Troy West's dinner in Warsaw was interrupted by his phone. He welcomed it. The message: a trial version of XBOW's offensive security platform had found a vulnerability that cascaded into a full takedown of a development environment used by Moderna. For security teams, that sort of outage is the opposite of a curiosity; for the team testing the tool, it was proof that an emerging class of AI-powered tools can outpace traditional testing and, in hours, do what human testers often cannot.
How XBOW's agentic testing exposed real-world failures at Moderna
XBOW's platform, exercised under trial conditions by Moderna, produced two discrete findings that illustrate the class of problems defenders now face. First, the product identified a web application firewall bypass on an application built with the Spring Boot framework that relied on encoding a single character (a capital “A”) as its percent-encoded URL equivalent (A), which the WAF interpreted as a legitimate request and allowed access. Second, and more consequentially, XBOW found a valid API key embedded in the source code of an internal application called Orders, used by Moderna’s research partners to procure drug substances. With no supplied login credentials the platform authenticated, probed APIs for SQL injection, and triggered a malformed-input path that dumped garbage data into a shared routing application other services depended on — an effect that led to an outage across the ecosystem.
Human pen-testers later validated those findings and acknowledged they would not have found them in the same way. Moderna’s deputy CISO, Farzan Karimi, framed the value plainly: “If we’re able to demonstrate where you could have an outage in a safe testing environment, that’s a great signal.” He also warned that the sheer volume of AI-discovered bugs presents a second-order problem: “How do we now handle the volume of bugs that have gone up due to AI-driven scale?”
Claude Mythos: a turning point in scale and context
Industry leaders point to Anthropic’s Claude Mythos as an inflection. Jay Chaudhry, CEO of Zscaler, said his team used Mythos to probe the company’s own applications and confirmed the tool found “some serious stuff.” He cautioned that the difference was not necessarily in severity but in volume: “There aren’t enough resources and cycles to fix all those.”
Cisco’s Tom Gillis tied the change to context window and reasoning capacity. “The models couldn’t understand the entirety of it before,” he said. “Now they can. That’s why they’re finding all these vulnerabilities.” Legacy network devices and long-lived codebases, sometimes running for decades without meaningful patching, create a larger surface that newly capable models can now reason across — producing a deluge of findings defenders must triage.
Cisco’s Live Protect and the appeal of compensated controls
One operational response is a class of mitigations Cisco calls Live Protect: a compensated control built on eBPF that operates at the Linux kernel level to block threats without rewriting production binaries. Gillis described it as “a pinpoint, laser-fine control that can shield a vulnerability on a production system.” The idea is to tighten the interval between discovery and formal patching — “a finger in the dike that plugs a hole until you get to new change control windows,” he said — and to do so without taking systems offline.
Cisco began shipping the product in October, and customer urgency sharply increased after Mythos’s arrival. “Customers are like, ‘Oh, good story, Tom. I’ll think about it.’ Now it’s like, ‘Oh my God, turn this thing on right now,’” Gillis said. He also acknowledged eBPF’s open-source nature and expected competitors to follow similar paths: “While I’m very proud of Cisco leading the market with these compensated controls, I know my competitors have to do this.”
What this means for technologists, procurement leaders, and end users
- Technologists and security teams: Expect higher volumes of validated exploit proofs that demand continuous testing and tighter prioritization. Karimi argued that “If you have exploit proofs, you can provide that plus-one modifier and really point your developers to remediate the top tier of real risk that’s been validated.”

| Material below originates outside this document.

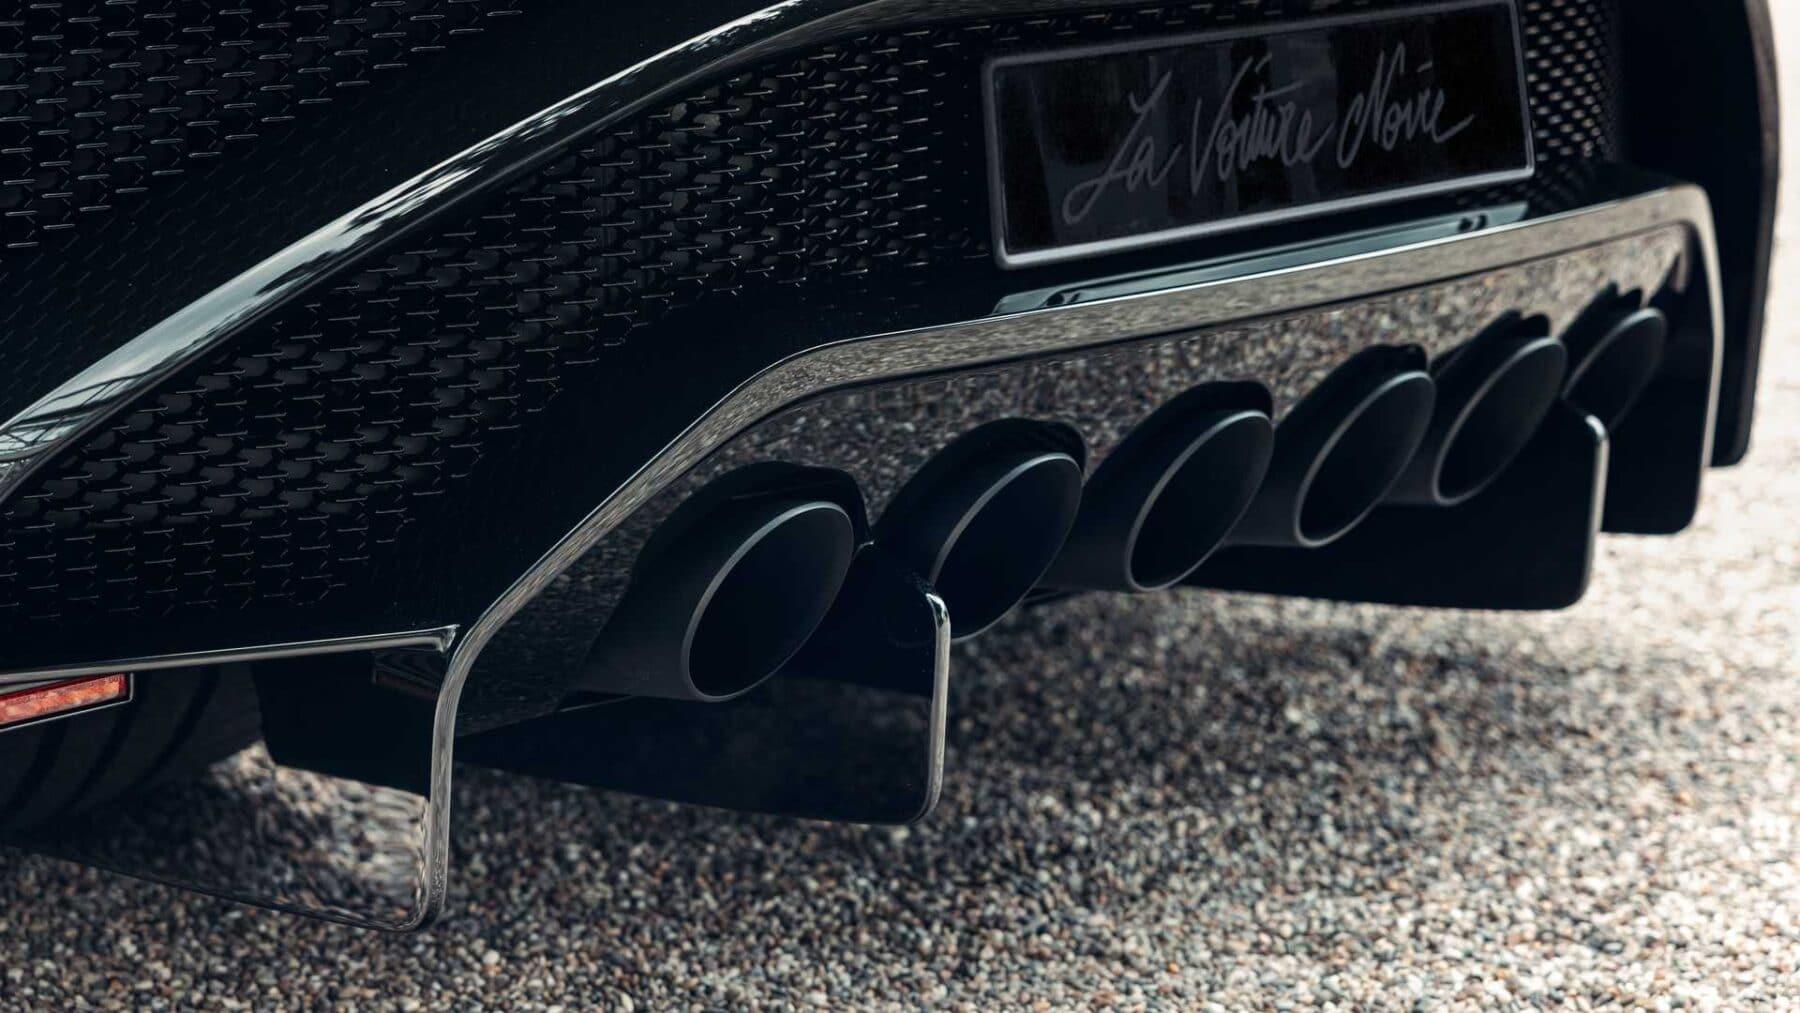 El Bugatti La Voiture Noire está plagado de detalles únicos

- Procurement leaders and enterprise IT: The market is reacting. Products such as XBOW’s agentic offensive testing and Cisco’s Live Protect are being positioned as necessary stopgaps to shrink remediation windows; procurement decisions will increasingly weigh speed-to-mitigate as heavily as traditional patch cycles.
- End users and dependent services: Long-running infrastructure and unpatched devices mean outages and compromises can ripple beyond a single app; as the Moderna example shows, an exploitable bug in one service can cascade through shared routing and integration points.
The broader reckoning for defenders and the warnings from model developers
Model developers are not silent about the risks. Anthropic itself signaled that timelines for publicly available, cybersecurity-focused models are shortening and cautioned: “In that world, cyberattacks could occur much more often, and in much more unpredictable forms.” Gillis was blunt about the stakes for organizations that fail to adapt: “Some people will be slow to change,” he said. “But the consequence of not making that change is gonna be front-page news. It’s a massive, massive compromise. You know, like, ‘you gave up every credit card number.’ Bummer.”
The episode at Moderna, and the reactions from vendors and model builders, suggest the defensive problem is now twofold: AI raises the pace and breadth of discovery while operational models for fixing software remain largely unchanged. Vendors are shipping controls designed to bridge that gap; defenders, meanwhile, must decide which of those temporary plugs they will trust — and for how long.